Потом Гус обращается с упреком к светским владетелям:
— Паны, судьи своих крестьян, рады преступлениям, как врач рад болезни, а священник — смерти. Пан взыщет пеню, врач — плату за лечение, а священник получит мзду за отпевание. На панском суде, — продолжает Гус, — бедняка за одно слово, сказанное в простоте, присуждают к денежному штрафу, а то и к смертной казни.
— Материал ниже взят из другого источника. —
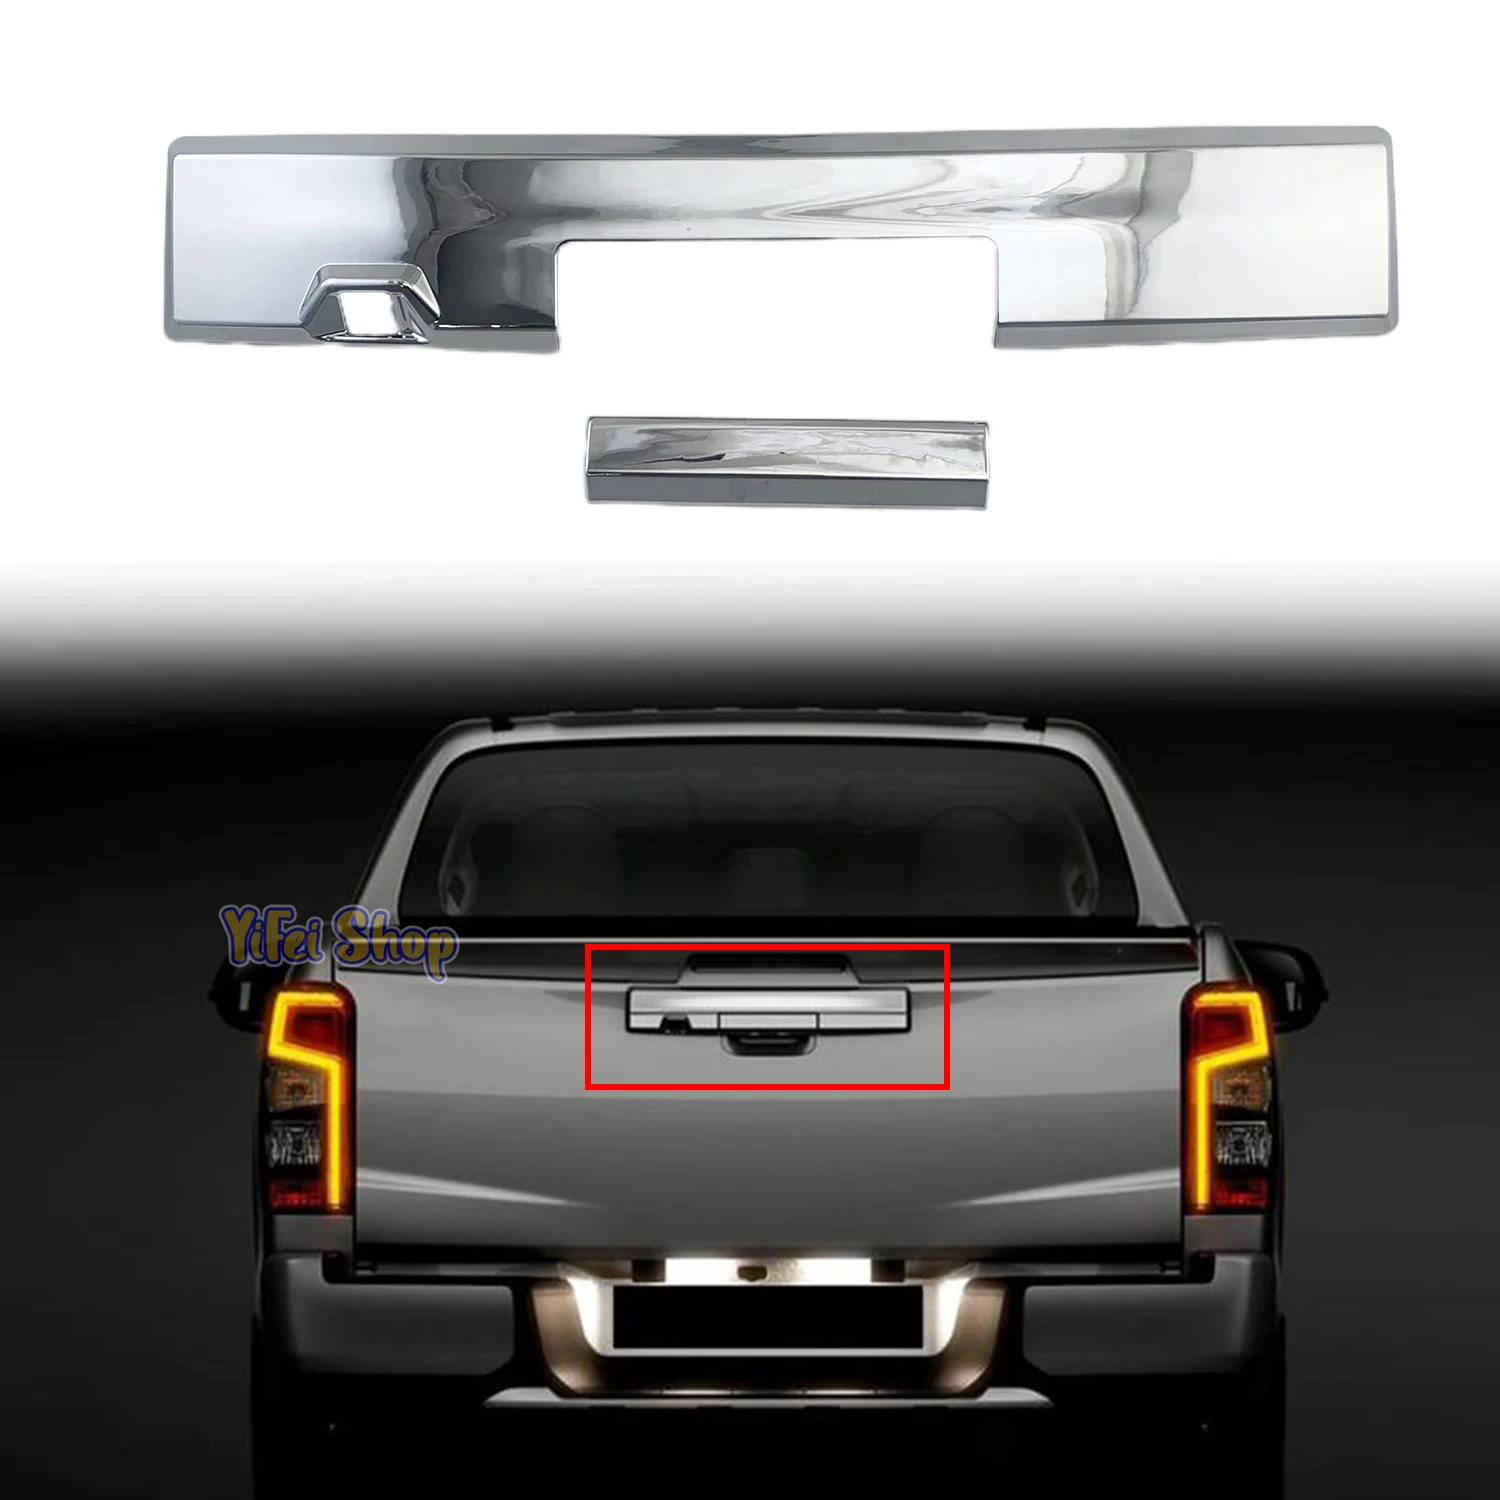 

New Paste Style Car ABS Chrom Accessories Plated Rear Trunk Lid Cover Trim For Mitsubishi Triton L200 2019 2020 2021 2022 2023

Придворные паны начинают ерзать на своих сиденьях. А Гус продолжает:
— Разве не равны все люди? Почему допускают король и его вельможи столько несправедливостей к крестьянству?
— И где это, — восклицает проповедник, — научились за убийство крестьянина откупаться пятью копами грошей?! И так ли уж дешев человек, который кормит всю страну? Откуда взялось такое, что мещанин дороже поселянина на десять или пять коп грошей, а пан — на пятьдесят коп грошей дороже рыцаря?
В конце проповеди всю силу своего красноречия Гус отдает наболевшему делу — отношениям между пришлым и коренным населением. Гус говорит о том, что вот он много лет боролся за права магистров-чехов в университете:
— Много лет терпели мы, магистры-чехи, в нашем Пражском университете хулу и поношение от магистров-немцев… Народ пражский знает: у немцев там, в совете университета, было три голоса, у чехов — только один… Как же было честному человеку не восстать против такого порядка? В парижской Сорбонне управляют французы, в Болонском университете — италийцы, а у нас, в чешской столице, университетом долгие-долгие годы правили пришельцы немцы…
— А я говорю вам: чешский народ должен быть в Чехии головой, а не хвостом! Немцы пусть будут хозяевами в Вене, Кельне, Гейдельберге, где угодно, только не у нас в Праге! Ведь бог каждому племени выделил особую землю, чтобы одну часть имел чешский род, другую — баварский, третью — венгерский…
— Я ратовал за то, чтобы в совете нашего университета голоса магистров-чехов перевешивали немецкие голоса. А когда наш владыка, король Вацлав, издал два года тому Кутногорский декрет, чтобы три голоса в университете были у чехов, а один — у немцев, повсюду, на всех перекрестках немцы стали кричать: «Гус уговорил короля прогнать немцев из Каролинума!» Но то горькая клевета на всех нас, чехов! Двери и кафедры Каролинума остались открытыми для всех достойных! Мы никого не гнали! Это немецкие магистры, гордецы, потерявши власть над нашим чешским университетом, сами покинули Прагу!
— Но я, — продолжал Гус, — стоял и стою на твердом, как скала, порядке божьем и человеческом. Чешский народ в своей чешской земле должен спокойно управляться своими обычаями и законами, без помехи со стороны пришельцев.
— Говорю по совести, — заканчивает Гус, — пусть никто не скажет, что, раз кто немец, он тем самым и плох… Если бы я узнал немца, который ратует за добро больше, нежели мой родной сын, — он был бы мне милее брата. Добрые священники из иноземцев мне милее, чем недостойные из чехов, и добрый немец мне милее, чем злой брат!
Гус сошел с кафедры.
Королевский кортеж вернулся в замок, толпы пражан покинули часовню.
Но долго еще и в Праге и в отдаленных углах Чехии толкуют слова вифлеемского проповедника, страстно спорят о каждом его положении.
А Жижка, слуга королевы, помыслами своими далек от дворцовой жизни: он думает о судьбах Гуса и Чехии.